Ben Jonson in the Romantic Age.


Lee, John


Ben Jonson in the Romantic Age. By Tom Lockwood. Oxford: Oxford University Press. 2005. xii + 257 pp. 51 [pounds sterling]. isbn: 978-0-19-928078-0.

According to the standard accounts, the Romantic age seems to have been both friend and foe to Jonson: it managed to see Jonson anew and, most would agree, better; but it also, and rather ironically, managed

to lose sight of him. As often, Shakespeare was Jonson's problem. Having previously been forced to play the role of dull foil in arguments on behalf of Shakespeare's bright genius, once Shakespeare's greatness was agreed, Jonson was allowed to be himself again. Yet, as Jonson had largely been seen to be of interest just because of his role as Shakespeare's envious antithesis, a friendly Jonson was left to wander quietly in the cultural margins.
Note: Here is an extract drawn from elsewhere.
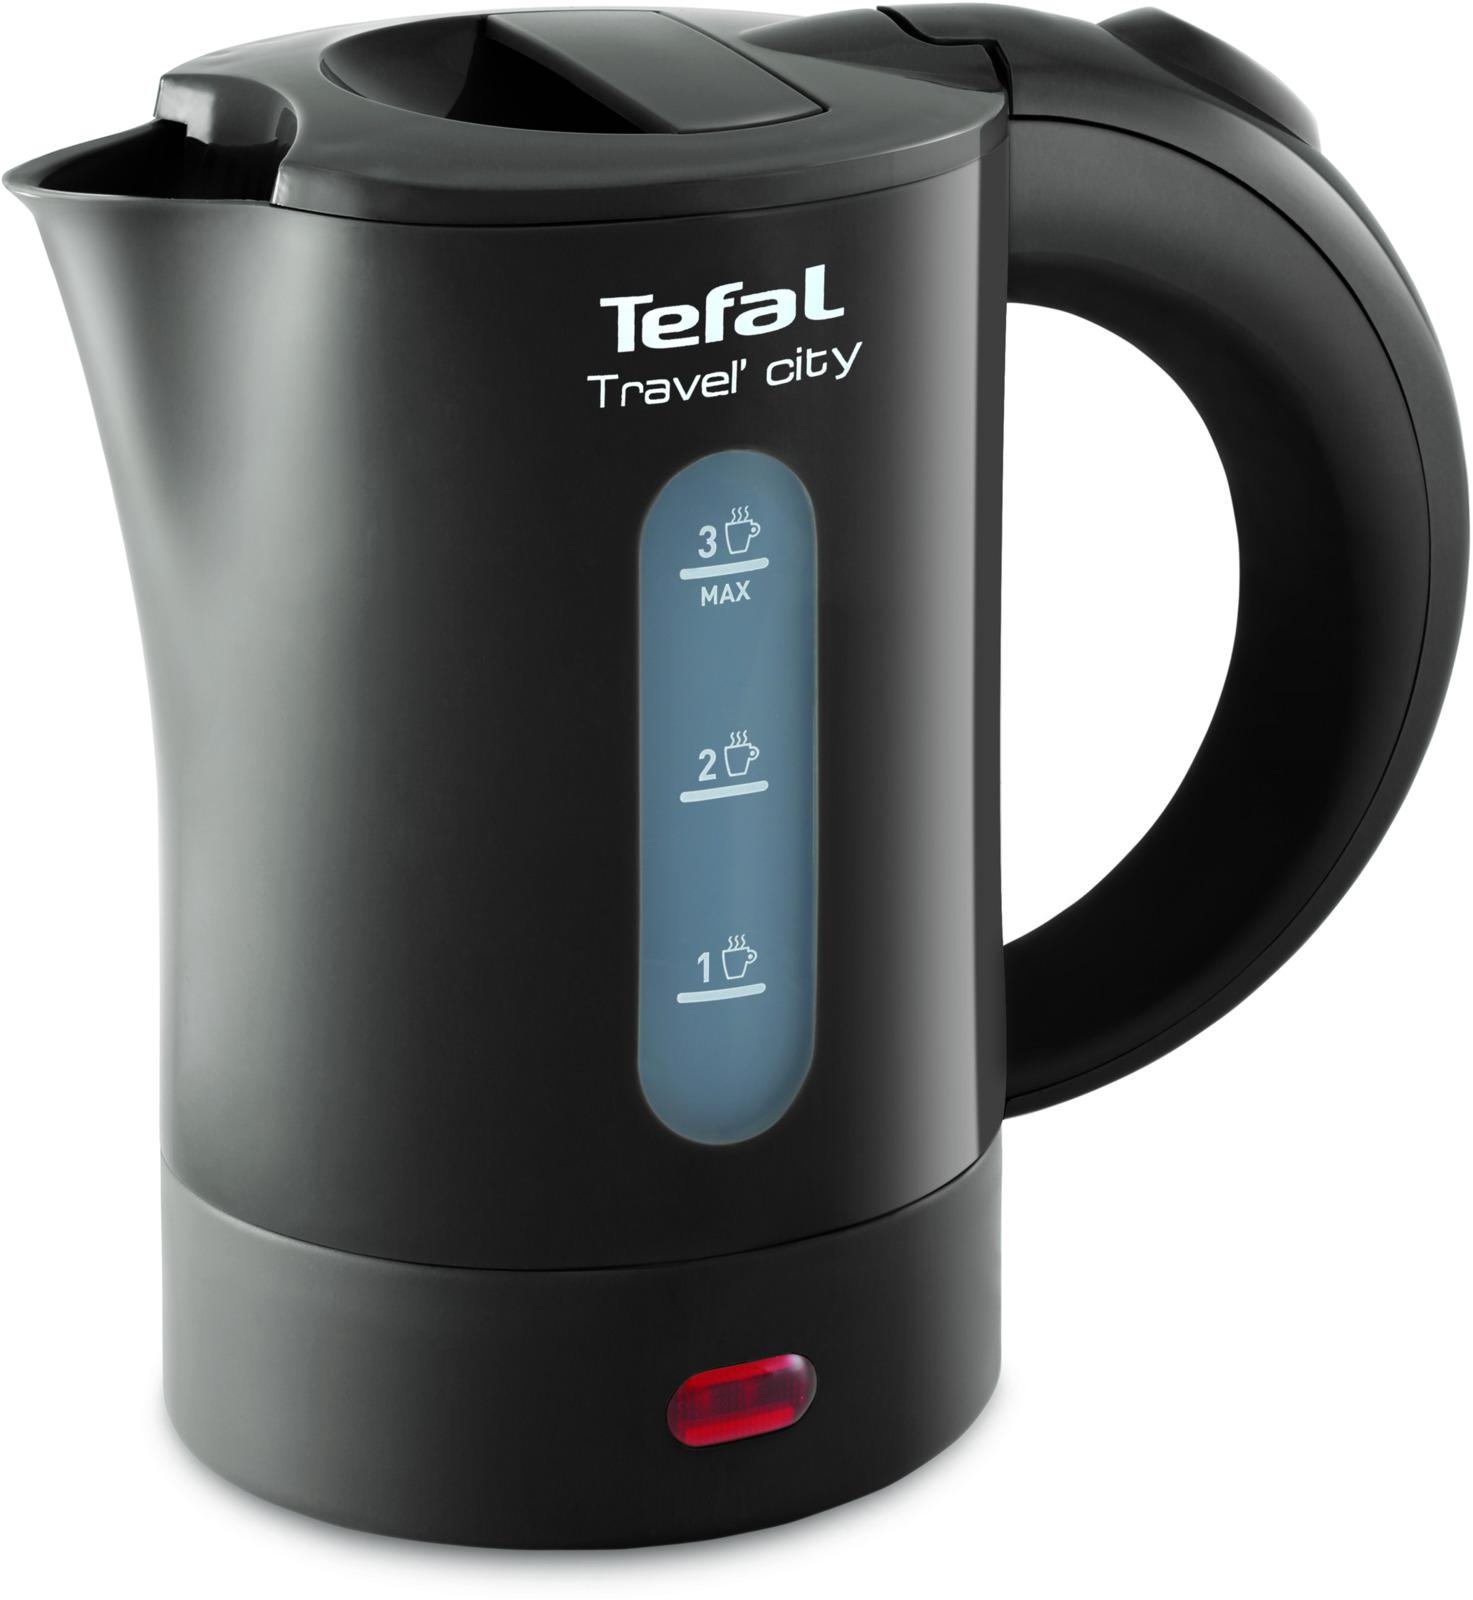 Электрический чайник Tefal KO120B30 Grey чайник электрический tefal ko 270130

As Ben Jonson in the Romantic Age shows, the standard accounts need revision. Jonson's influence, while not growing, continues to be significant throughout the years from 1776 to 1850. Lockwood characterizes that influence with an understated theoretical sophistication as he examines, in successive chapters, Jonson's theatrical, critical, editorial, and literary afterlives. These chapters offer a wealth of new information and correctives to previous accounts. The retrieval of the detail of Jonson's afterlives is, however, only half of Lockwood's story; he is equally interested in seeing how Jonson's presence can enrich our understanding of the Romantic age. Following D. F. McKenzie and Jerome J. McGann, Lockwood considers the cultural networks within which the period's engagements with Jonson occurred and which gave those engagements their historically specific meaning. The point made repeatedly and well is that who Jonson was seen to be and what his works were seen to represent were questions both contestable and contested; Jonson was, in other words, a lively cultural presence.
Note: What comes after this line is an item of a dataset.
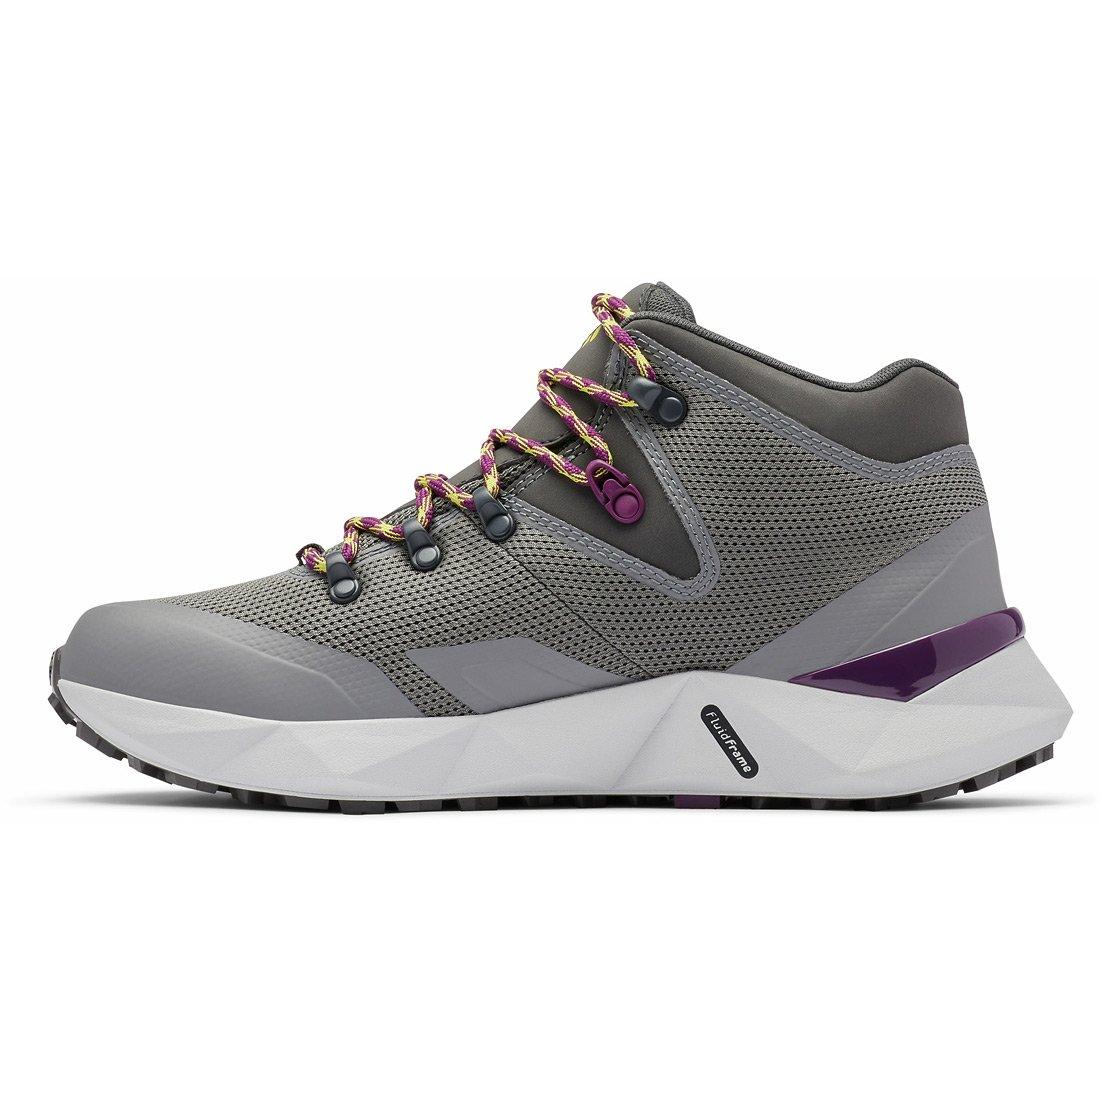 נעלי טיולים לנשים - Facet 60 Outdry W - Columbia

How important, then, was Jonson to the Romantic age? Taking Coleridge as his key figure, Lockwood argues that Jonson is central to the age's understanding of the nature of imitation and allusion. In a deft and historically nuanced analysis, Coleridge's understanding of literary relationships is seen to be a product both of his thinking about the nature of Milton's relationship with Jonson and also of his thinking about the then topical 'bullion debate', which concerned the nature of the relationship between paper money and gold and silver. Lockwood suggests that Coleridge saw his and others' poems as the equivalent of a paper currency, as the promissory notes that might substitute for, or replace entirely, Jonsonian and other literary bullion.
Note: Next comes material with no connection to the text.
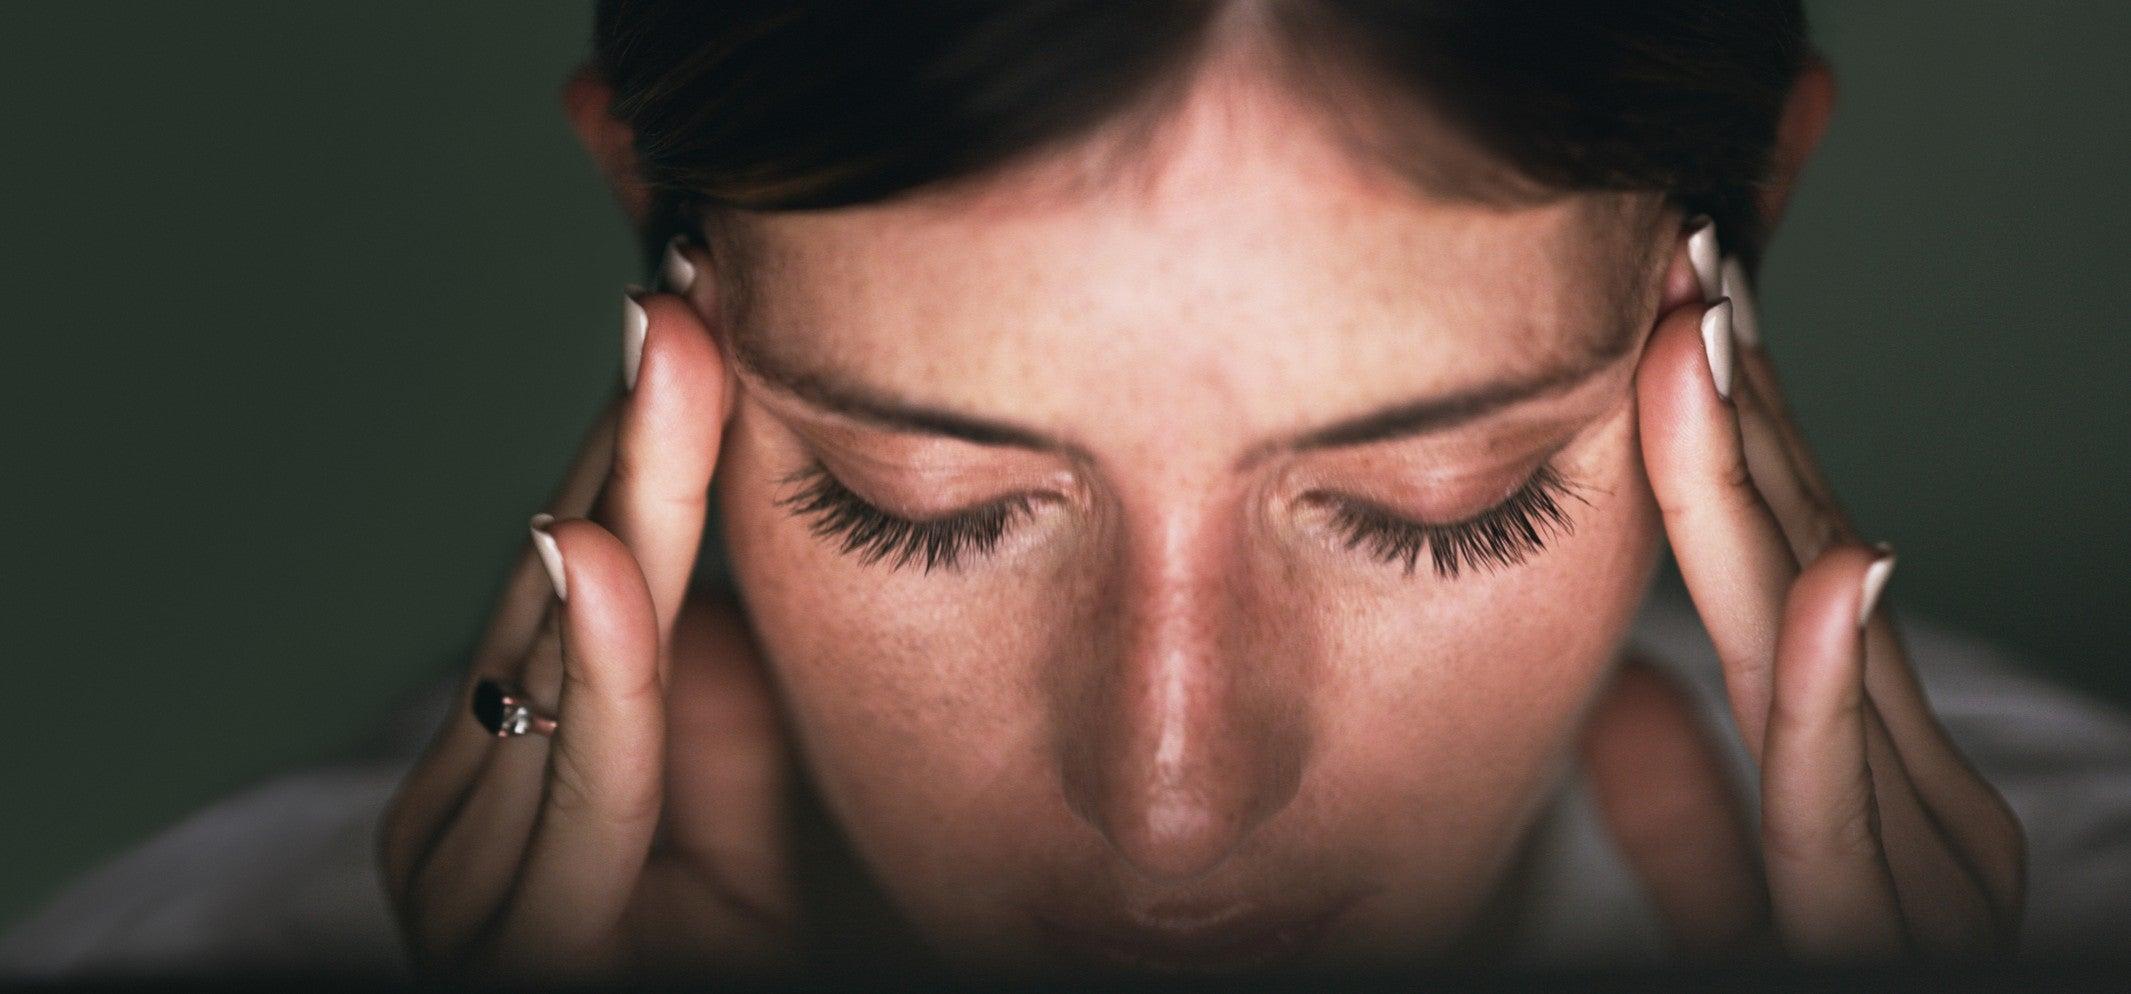 Cientistas descobrem uma relação entre a respiração e o controle do estresse

Jonson's creative influence, then, was clearly significant, but Lockwood does not try to suggest that it was anywhere near the equal of Shakespeare's or Milton's influence. Francis Waldron's edition and continuation of Jonson's The Sad Shepherd (1783) seems exemplary here. Lockwood makes good use of this play to show the variety and interrelated nature of the audiences to whom Jonson was of interest. What one might also note is the way in which Waldron's able and sensible continuation gradually loses its Jonsonian voice. Acts I and II show Jonson, unusually, engaging on a large scale and positively with Spenser, and particularly with The Faerie Queene. However, in the following three acts, which were written by Waldron, Jonson's presence fades as the influence of Spenser recedes, to be replaced by that of Shakespeare and, in particular, The Tempest. Even for Jonson's greatest admirers, it seems it was impossible to imagine his plays in any but Shakespearean terms.